In an instand he tore the page from the tome in one smooth motion. Elyria flinched at the sharp rip. Then, before she could move, he cast it into the hearth. Flames seized it greedily, curling the ink, blackening the serpent's coils until the image shriveled into ash.
"Why?" Elyria's composure cracked. "Why burn it? This could mean something—"
"Because it has nothing to do with Kazuo's eyes," Cedric snapped, his voice heavy. He laid the torn tome flat on the table with deliberate finality and stepped toward her, firelight carving the edge of his jaw. "And if people find out, it would destabilize the kingdom. Divide them further. Order is fragile enough without feeding it ghosts and riddles."
The silence thickened.
Cedric's tone dropped lower, deliberate. "I agreed to your help because you had a point. Because you said you wanted to help, since this concerned the future of our kingdom. Since we were in the same boat."
His eyes locked on hers, unflinching. "But this — this lust for knowledge, this hunger… it is more dangerous than my own obsession with him. Either you agree to my terms and focus only on his eyes… or you will never see him again. Get your hunger for this mystery under control. Do you understand?"
Elyria's jaw tightened. Then she snapped back, her voice sharper than she intended. "The more you push me away, the more I want to know. You're right, Father. I do want to know who he is — not just for the kingdom. For myself. And after what you did tonight, I believe even more that there's something deeper… something you don't want me to see."

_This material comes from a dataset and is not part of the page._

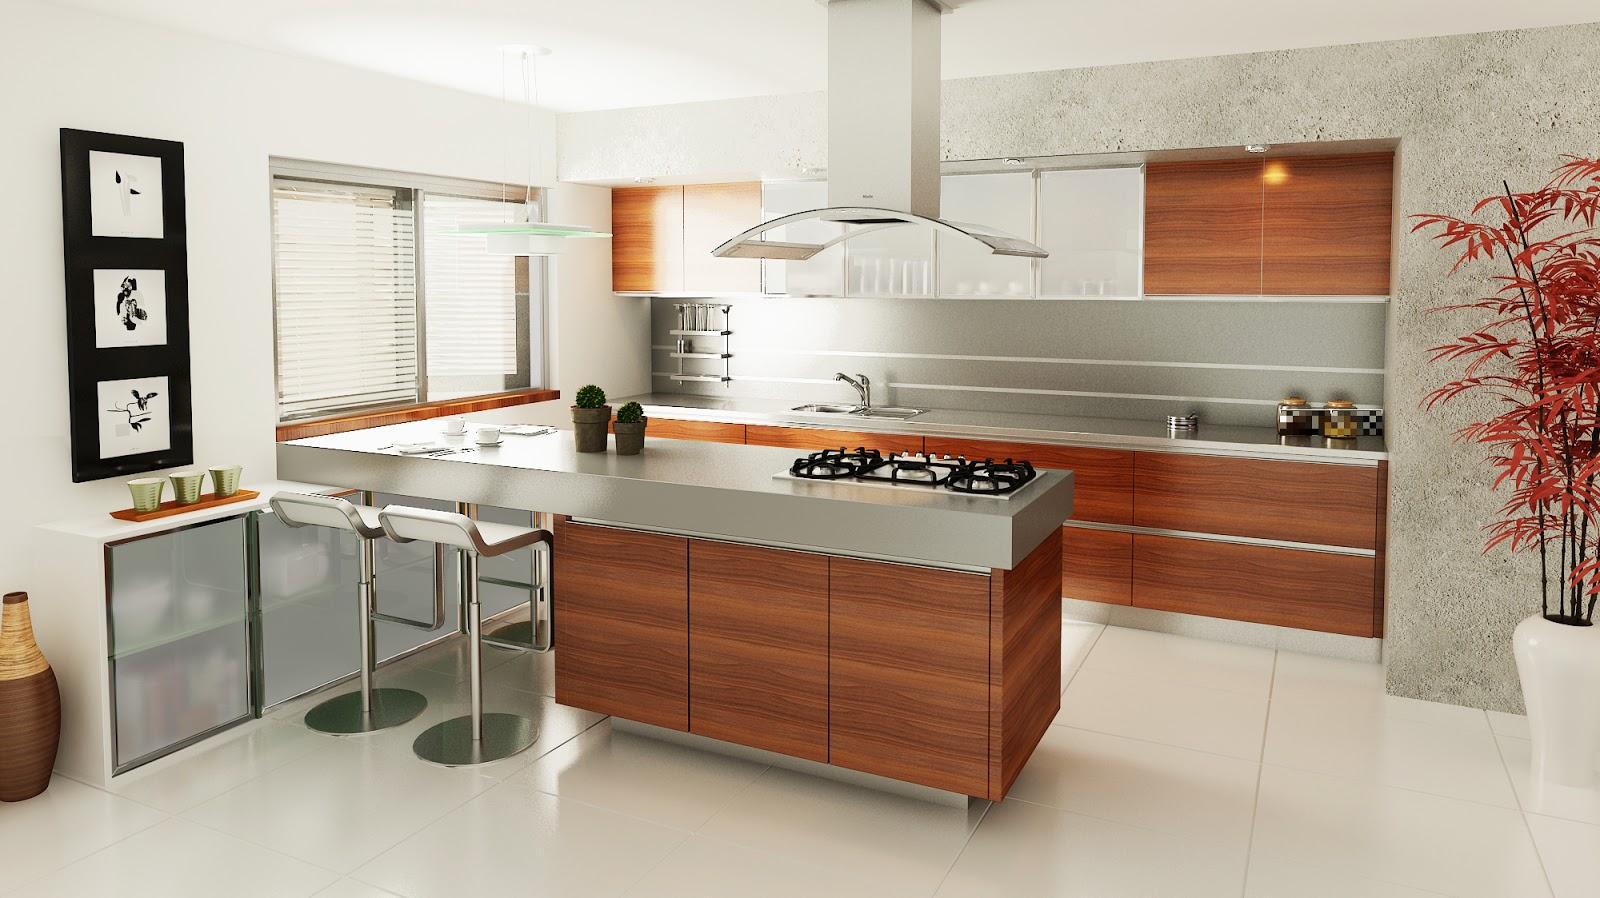 diseno de interiores cocinas dise os arquitect nicos

A faint tremor passed through Cedric's wings, firelight catching the edges.
Elyria steadied herself. "I know about that image now, and if you want me to keep silent, then let me search in my own way. You can cage your curiosity behind law and order if you wish… but I won't."
Cedric's voice was ice. "Are you threatening your own father?"
The fire popped, throwing sparks. For a fleeting instant, both realized what neither would admit aloud: the boy they investigated was already dividing them.
Elyria lowered her gaze, voice soft but edged. "…I'm sorry, Father. I do love you. But you taught me that without knowledge we are blind — and that's why I can't understand your behavior at all."
She turned, her words quieter but cutting deeper. "And Mother… she would have agreed with me."
The door closed softly behind her.
Cedric stood alone. For a long moment he didn't move. Then he let a heavy breath escape, shoulders tightening as though bearing a weight too great.
"…Fiora."
His eyes stayed on the fire. "What would you have done in my place? Perhaps you'd let her go her own way…"
The flames hissed as another log split. His voice hardened. "But I cannot allow her to get hurt under my watch."
A forest flickered in memory. Fiora's laughter between the trees as Elyria, still a child, ran ahead with a crown of wildflowers. Fiora's voice, certain as sunlight:
"You have to let her explore, Cedric. She'll only grow if she finds her own way."
The vision faded.
"Perhaps," he murmured. "But the world is not as gentle as you were."
The fire roared, devouring what remained of the serpent's ash.